Now, Erdogan is again clear in his stance that he would approve a reintroduction of capital punishment if it is passed by parliament. A few hours after he spoke, Prime Minister Binali Yildirim said in a TV interview on Oct. 29 that he would look for support from other parties in parliament for such a move. Lawyers claim that the death penalty could be included as part of the constitutional draft for a shift to the presidential system, taken to a referendum with the support of the MHP.

Perhaps this rhetoric is only a tactic by Erdogan to attract nationalist votes in order to guarantee victory in a possible presidential referendum. Even so, it would be a bad mistake for Turkey. Not only would it add to the current tension, which is already high due to the rise in terrorist attacks and the neighboring wars in Syria and Iraq, it would also further distance Turkey from the democratic world.

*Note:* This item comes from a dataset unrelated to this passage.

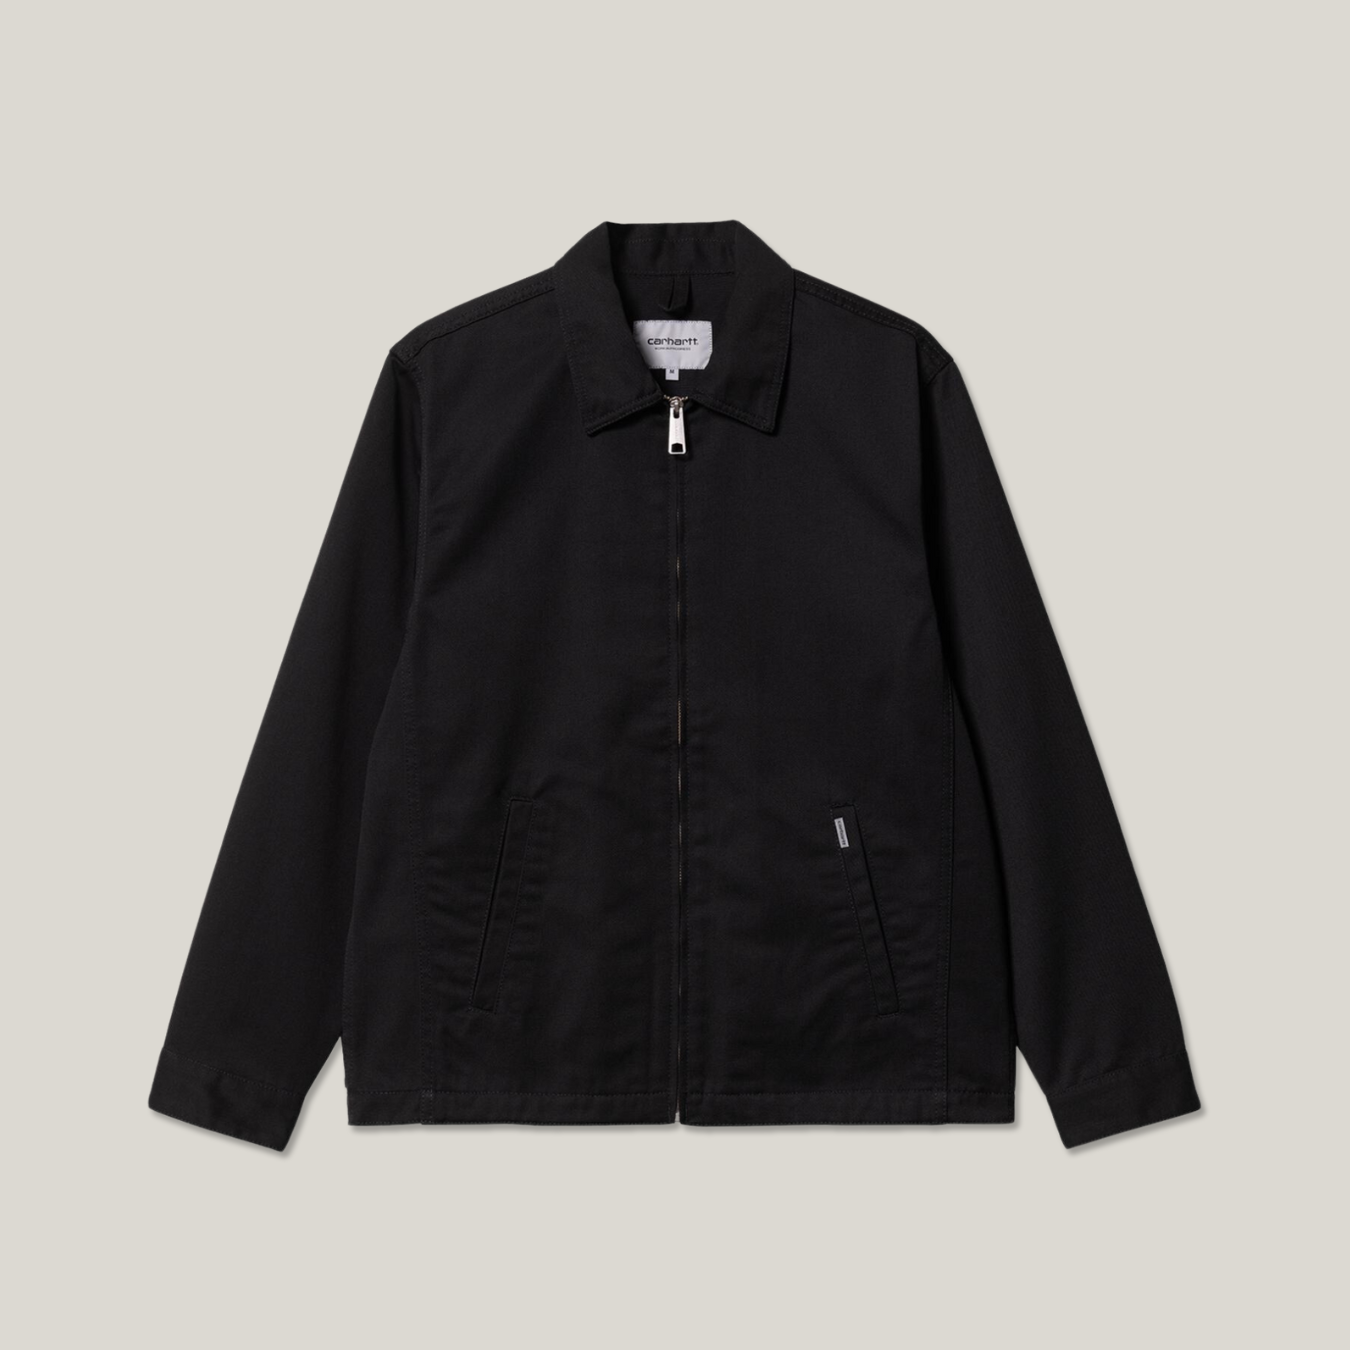 Load image into Gallery viewer, Carhartt Modular Jacket - Black
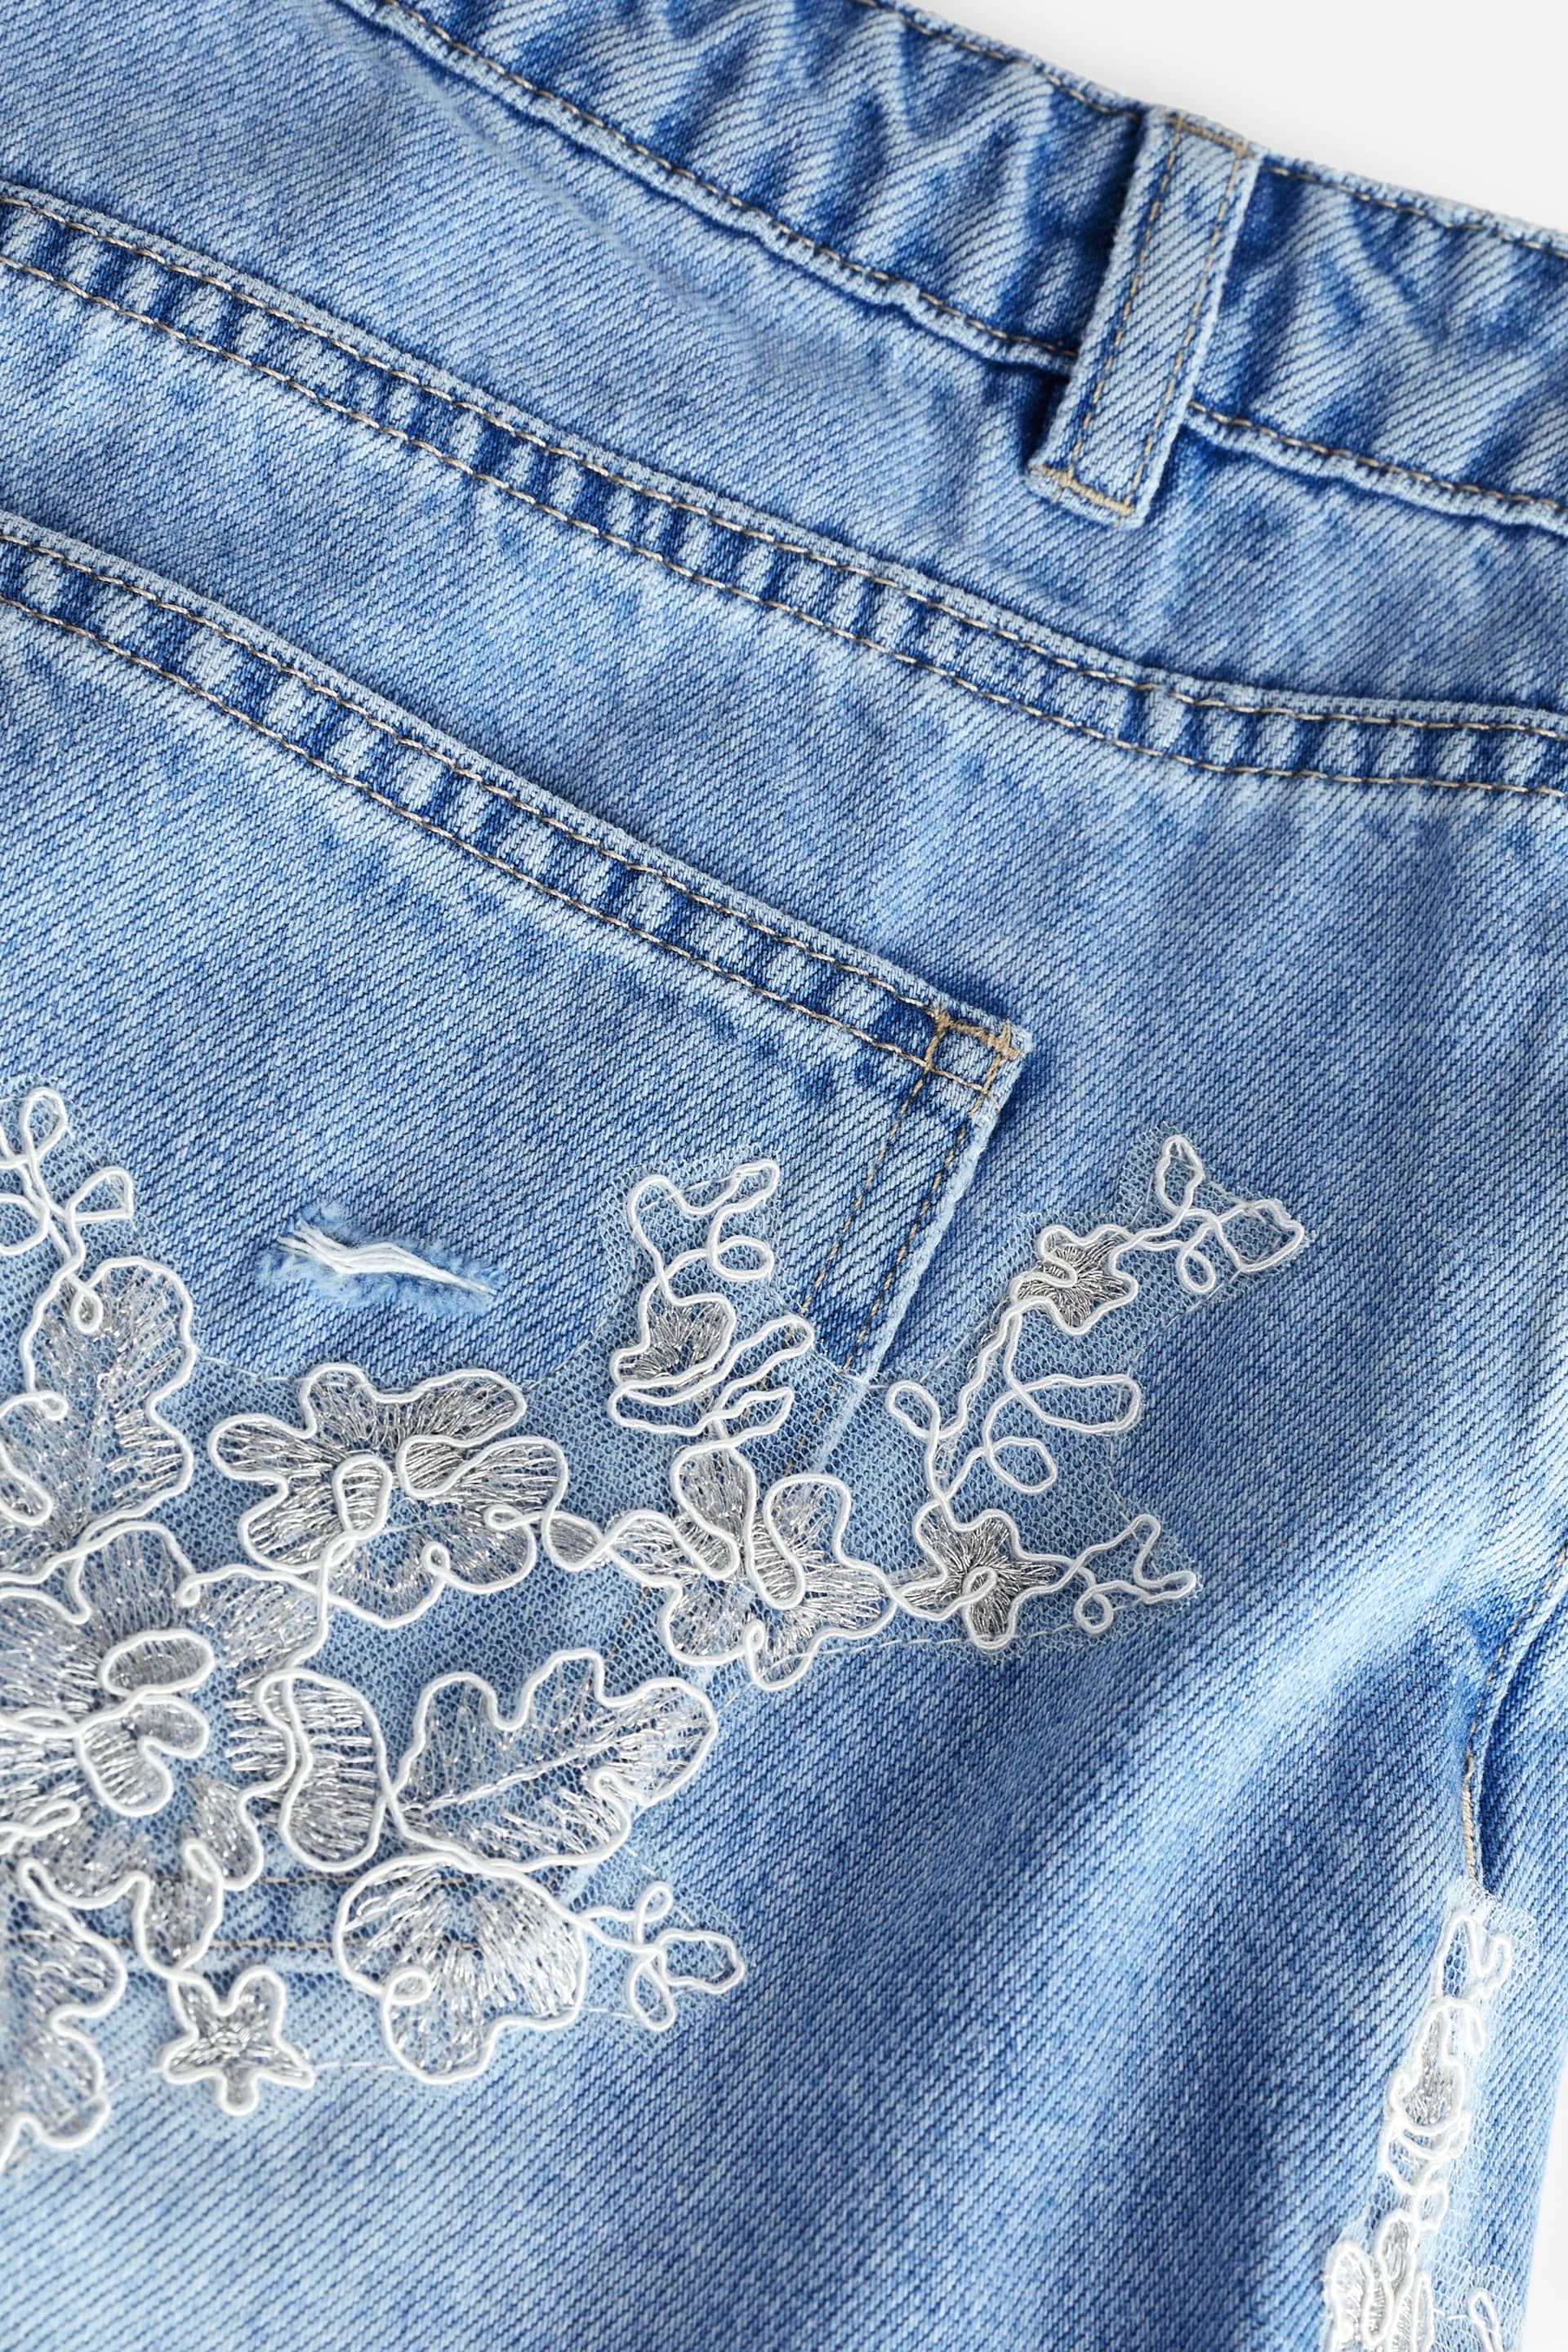 Mid Blue Lace Denim Shorts - Image 6 of 6

It is true that the death penalty is still on the books in some advanced post-industrial countries like the U.S. and Japan. But there is no country within the EU that still has the death penalty, as it is one of the basic points in the EU's Copenhagen criteria for membership. In the Council of Europe, Belarus is the only country that still has the death penalty in its legislation, with Kazakhstan limited to times of war.

Some of the countries that have carried out capital punishments in 2015 are China, Iran, Saudi Arabia, Afghanistan, Somalia, Egypt (which Erdogan despises), and (shamefully) the U.S.

So bringing back the death penalty is certainly not a good idea for Turkey. It will be a further big mistake to downgrade the quality of democracy in Turkey, which is already suffering problems.